Entries taken from a collection
<<<<

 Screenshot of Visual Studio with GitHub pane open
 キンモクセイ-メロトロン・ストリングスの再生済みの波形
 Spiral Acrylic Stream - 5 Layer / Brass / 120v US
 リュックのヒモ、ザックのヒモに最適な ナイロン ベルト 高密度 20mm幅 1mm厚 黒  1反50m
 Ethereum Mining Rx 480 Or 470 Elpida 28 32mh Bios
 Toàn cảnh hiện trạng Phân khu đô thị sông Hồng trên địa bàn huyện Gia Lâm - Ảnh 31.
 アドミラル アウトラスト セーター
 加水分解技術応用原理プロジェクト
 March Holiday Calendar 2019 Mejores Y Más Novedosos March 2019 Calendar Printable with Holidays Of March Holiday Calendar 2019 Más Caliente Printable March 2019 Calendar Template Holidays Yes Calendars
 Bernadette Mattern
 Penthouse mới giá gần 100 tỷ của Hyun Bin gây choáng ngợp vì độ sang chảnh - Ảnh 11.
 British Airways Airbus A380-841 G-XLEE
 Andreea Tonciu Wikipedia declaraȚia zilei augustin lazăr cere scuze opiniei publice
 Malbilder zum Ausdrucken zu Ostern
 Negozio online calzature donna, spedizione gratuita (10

>>>>

■ Task details: Copy every line of the data above, beginning with the first and ending with the line that contains "加水分解技術応用原理プロジェクト", and give nothing more.

■ Your response:
 Screenshot of Visual Studio with GitHub pane open
 キンモクセイ-メロトロン・ストリングスの再生済みの波形
 Spiral Acrylic Stream - 5 Layer / Brass / 120v US
 リュックのヒモ、ザックのヒモに最適な ナイロン ベルト 高密度 20mm幅 1mm厚 黒  1反50m
 Ethereum Mining Rx 480 Or 470 Elpida 28 32mh Bios
 Toàn cảnh hiện trạng Phân khu đô thị sông Hồng trên địa bàn huyện Gia Lâm - Ảnh 31.
 アドミラル アウトラスト セーター
 加水分解技術応用原理プロジェクト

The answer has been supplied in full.